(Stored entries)
● ● ● ● ●

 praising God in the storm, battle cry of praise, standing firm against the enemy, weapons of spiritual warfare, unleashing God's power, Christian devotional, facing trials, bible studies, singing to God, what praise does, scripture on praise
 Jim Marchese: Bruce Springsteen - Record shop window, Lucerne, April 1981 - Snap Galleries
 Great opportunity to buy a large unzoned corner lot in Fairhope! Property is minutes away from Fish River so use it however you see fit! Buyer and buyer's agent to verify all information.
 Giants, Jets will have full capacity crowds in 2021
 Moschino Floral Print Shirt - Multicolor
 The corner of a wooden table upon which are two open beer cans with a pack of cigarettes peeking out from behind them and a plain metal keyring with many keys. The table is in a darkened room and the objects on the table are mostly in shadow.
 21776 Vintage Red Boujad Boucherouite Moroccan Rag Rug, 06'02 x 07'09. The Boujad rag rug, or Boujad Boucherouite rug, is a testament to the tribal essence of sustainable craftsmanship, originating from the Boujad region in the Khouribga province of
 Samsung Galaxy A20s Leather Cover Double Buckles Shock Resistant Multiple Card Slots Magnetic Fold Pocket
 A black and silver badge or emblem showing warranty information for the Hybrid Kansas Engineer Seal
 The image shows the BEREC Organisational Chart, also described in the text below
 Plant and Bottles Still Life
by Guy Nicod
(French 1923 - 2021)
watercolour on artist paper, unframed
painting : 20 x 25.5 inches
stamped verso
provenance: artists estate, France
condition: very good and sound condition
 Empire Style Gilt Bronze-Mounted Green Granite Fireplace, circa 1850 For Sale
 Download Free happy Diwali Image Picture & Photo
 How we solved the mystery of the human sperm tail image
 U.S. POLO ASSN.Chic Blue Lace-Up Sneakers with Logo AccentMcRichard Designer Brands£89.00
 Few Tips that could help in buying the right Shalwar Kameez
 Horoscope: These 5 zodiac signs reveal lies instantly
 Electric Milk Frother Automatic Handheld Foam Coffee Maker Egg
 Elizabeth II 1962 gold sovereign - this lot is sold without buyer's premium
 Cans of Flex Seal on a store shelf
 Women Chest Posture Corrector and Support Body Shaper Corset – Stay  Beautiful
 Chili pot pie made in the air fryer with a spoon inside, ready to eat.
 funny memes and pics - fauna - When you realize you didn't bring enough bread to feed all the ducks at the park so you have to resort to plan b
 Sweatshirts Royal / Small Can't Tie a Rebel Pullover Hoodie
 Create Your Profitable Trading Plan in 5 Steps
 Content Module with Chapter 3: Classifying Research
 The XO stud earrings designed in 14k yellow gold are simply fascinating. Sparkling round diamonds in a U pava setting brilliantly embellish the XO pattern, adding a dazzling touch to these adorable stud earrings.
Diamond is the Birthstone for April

● ● ● ● ●

Reproduce the lines above, beginning at the line with "A black and" and stopping after the line with "Download Free happy", exactly as they are.

 A black and silver badge or emblem showing warranty information for the Hybrid Kansas Engineer Seal
 The image shows the BEREC Organisational Chart, also described in the text below
 Plant and Bottles Still Life
by Guy Nicod
(French 1923 - 2021)
watercolour on artist paper, unframed
painting : 20 x 25.5 inches
stamped verso
provenance: artists estate, France
condition: very good and sound condition
 Empire Style Gilt Bronze-Mounted Green Granite Fireplace, circa 1850 For Sale
 Download Free happy Diwali Image Picture & Photo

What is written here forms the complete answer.